- **Directions**: Give back exactly the lines of the material below that start at the one holding "White Chocolate Eggnog Fudge" and end at the last line, minus the pictures.

- **Recorded data**:
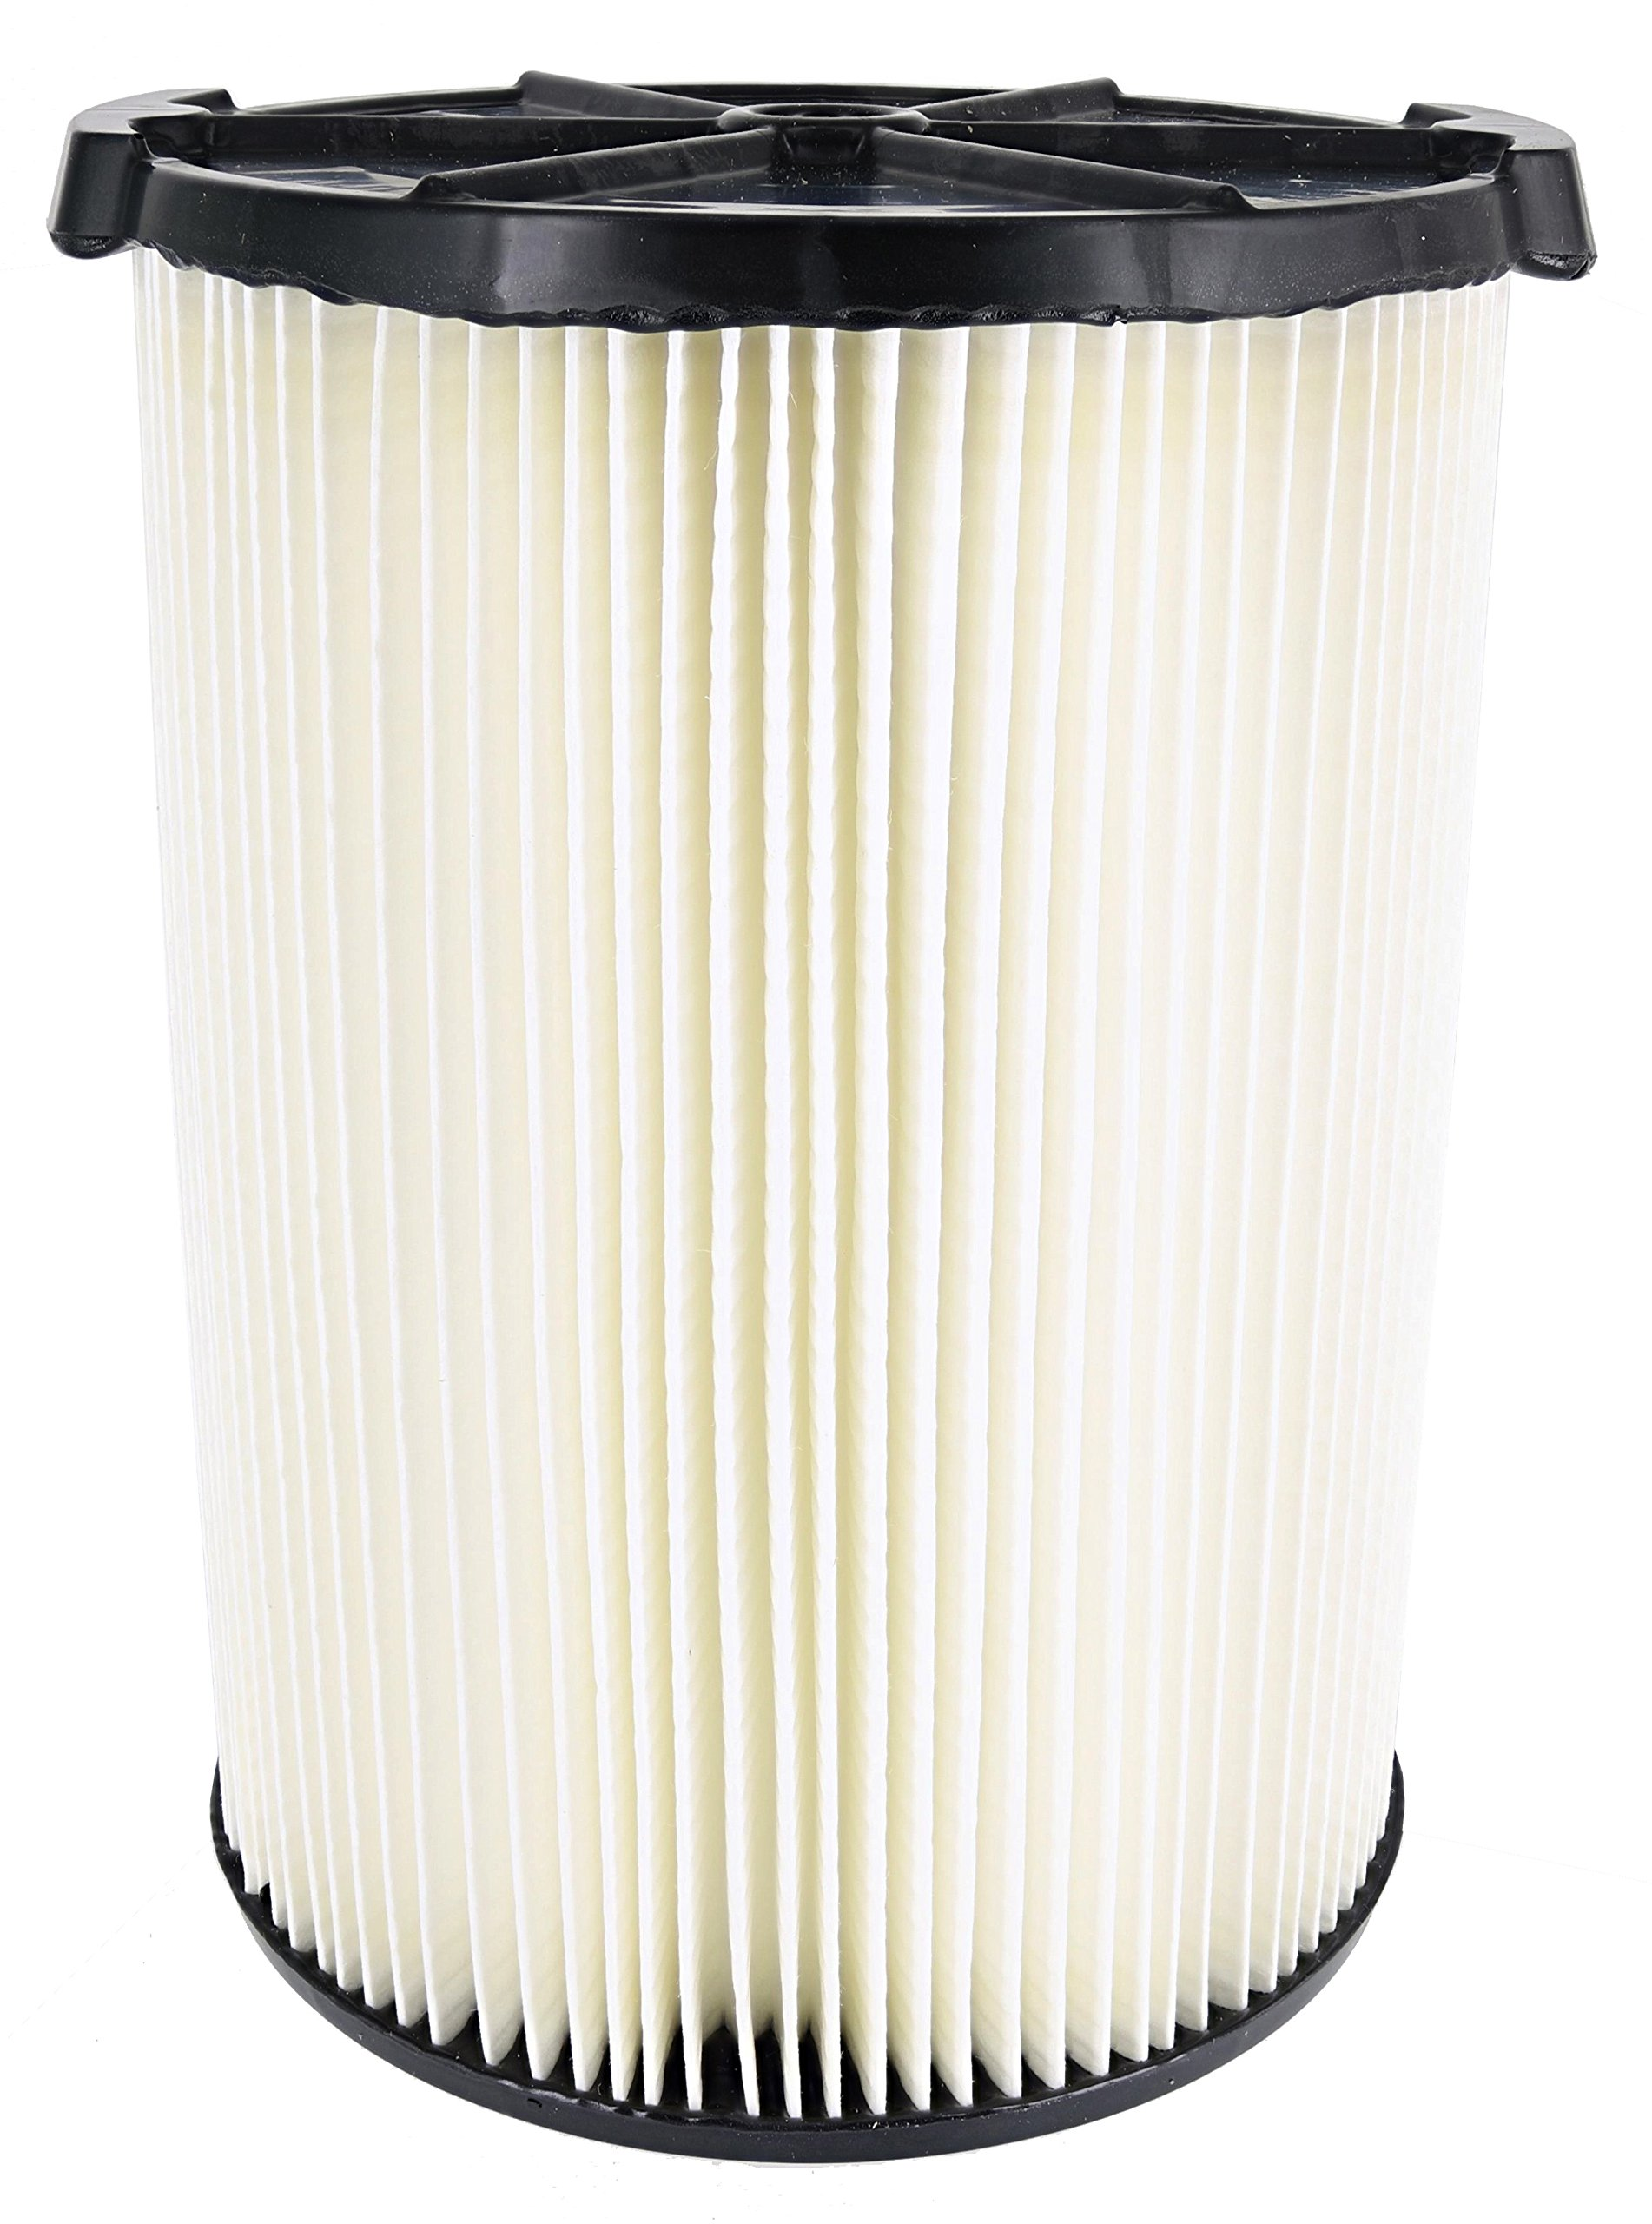 Ridgid Standard Wet/dry Vac Filter Vf4000 (White, 1) (Original Version) by Ridgid
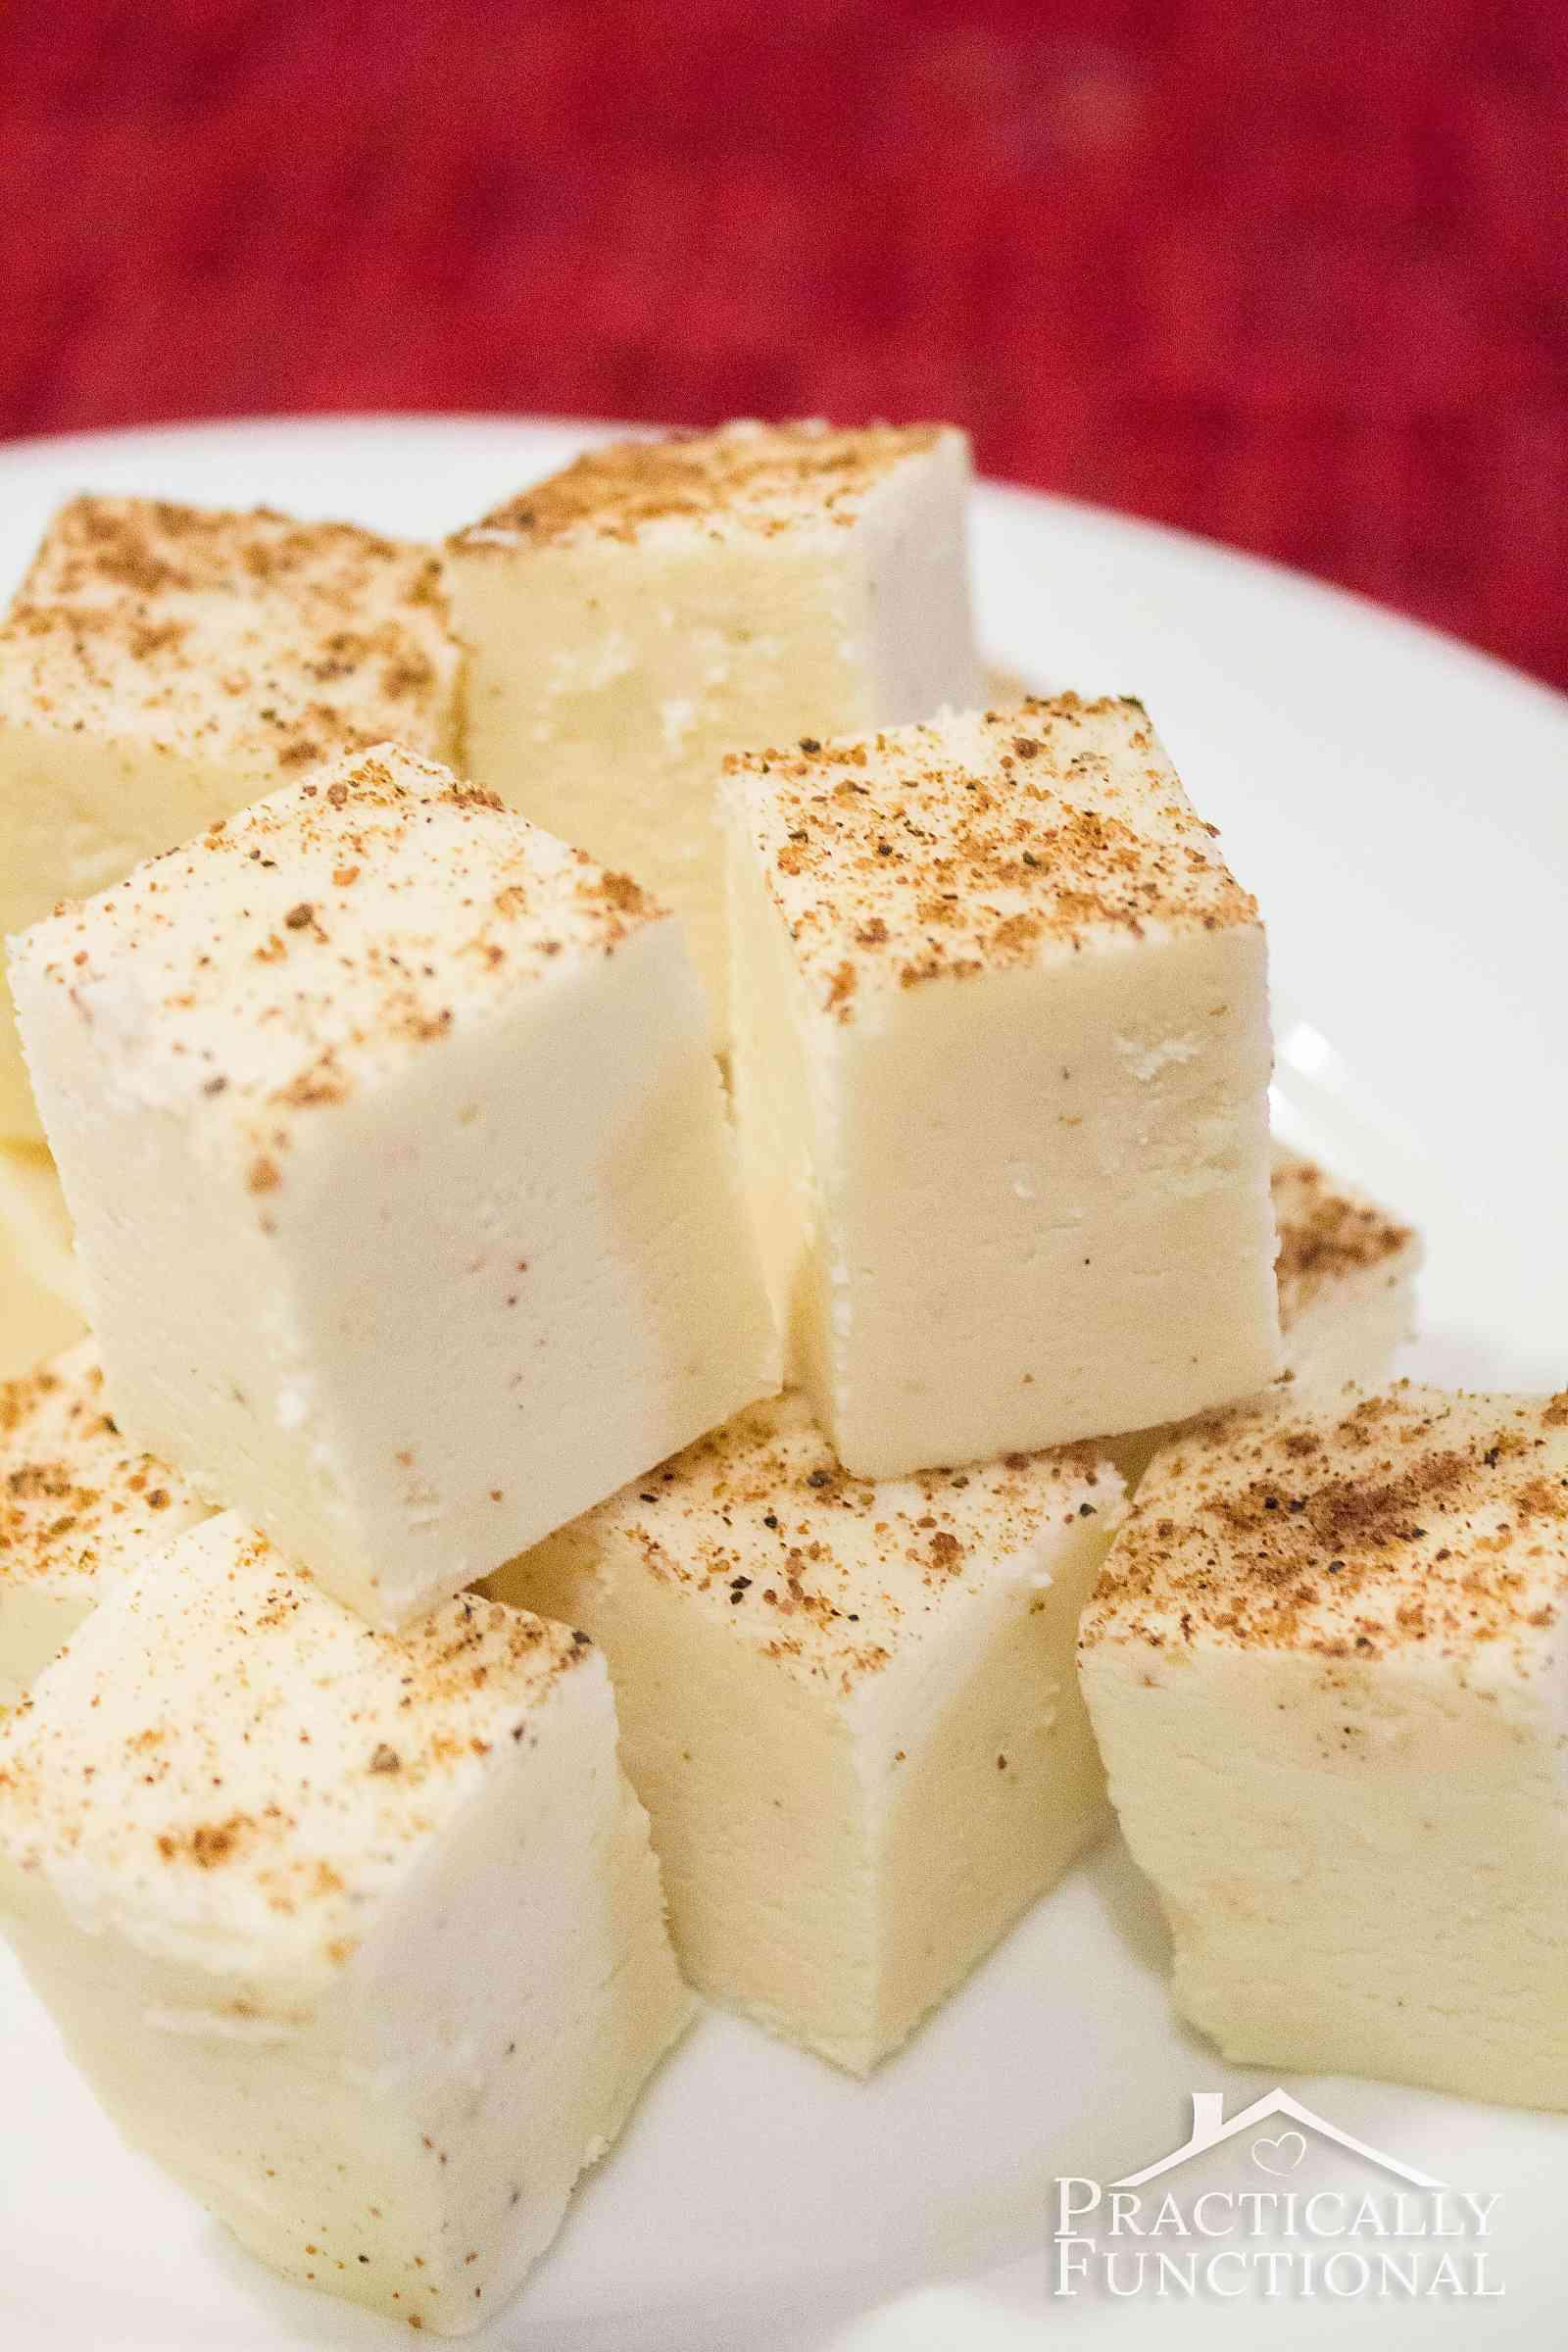 White Chocolate Eggnog Fudge
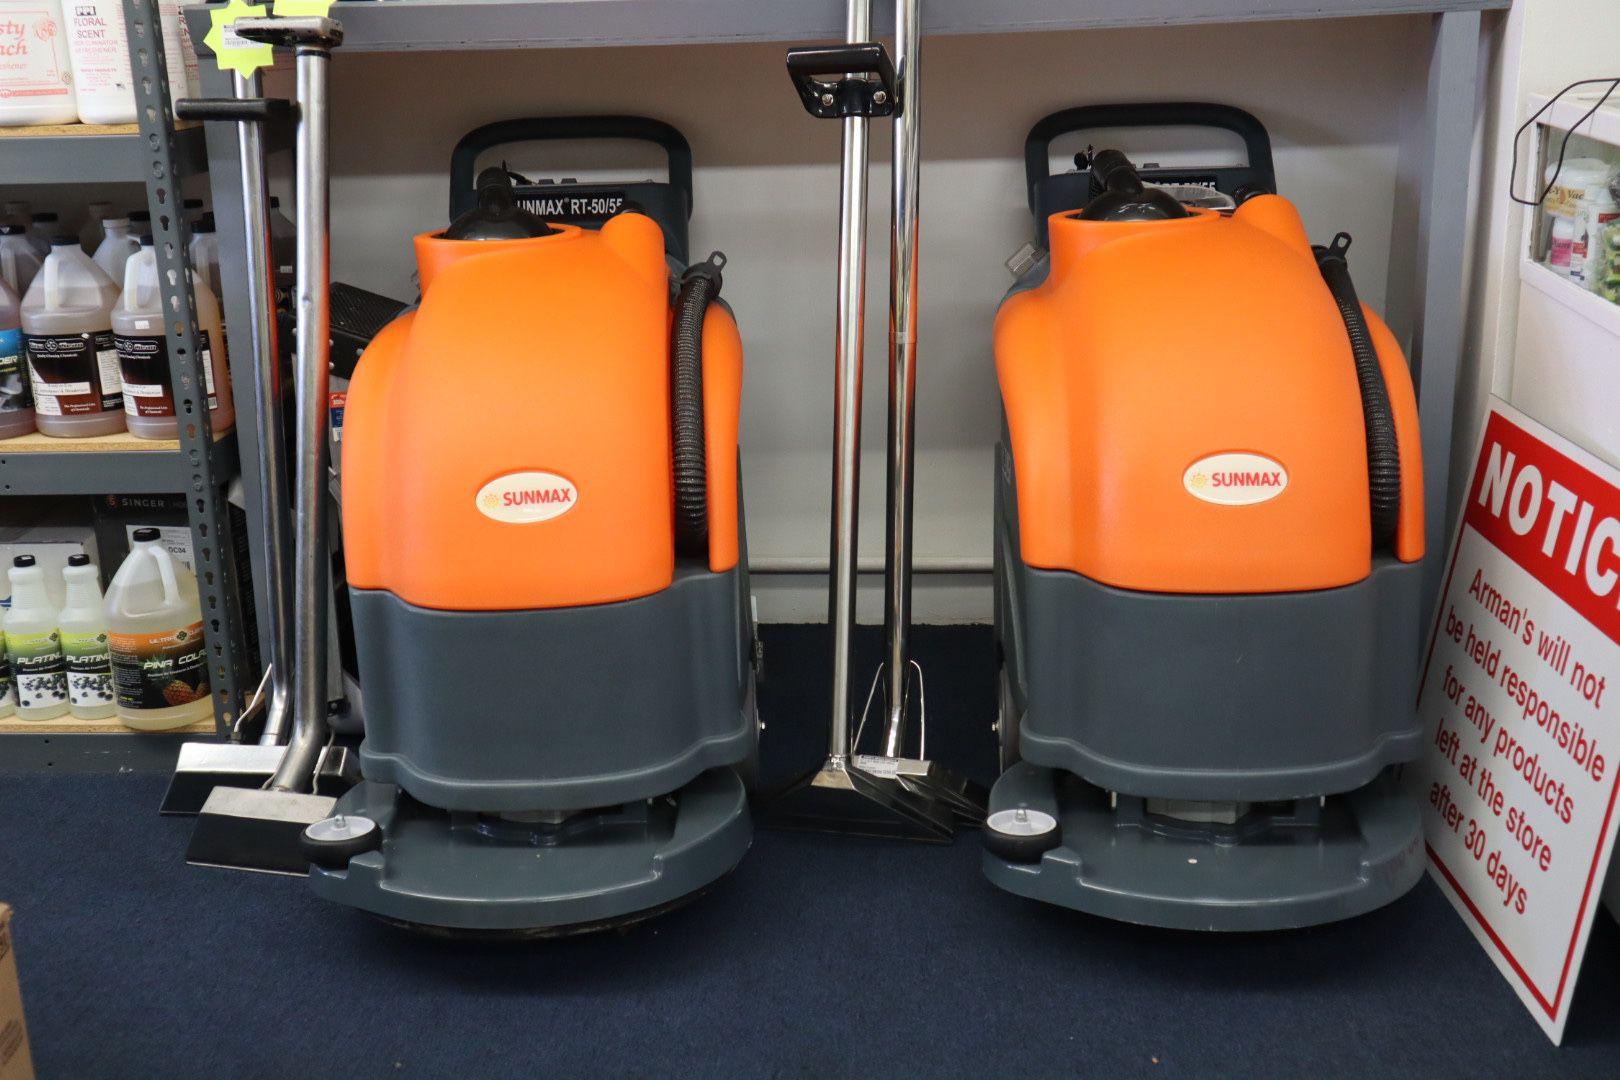 Sunmax 50/55 Battery Powered Floor Scrubber

- **Output below**:
 White Chocolate Eggnog Fudge
 Sunmax 50/55 Battery Powered Floor Scrubber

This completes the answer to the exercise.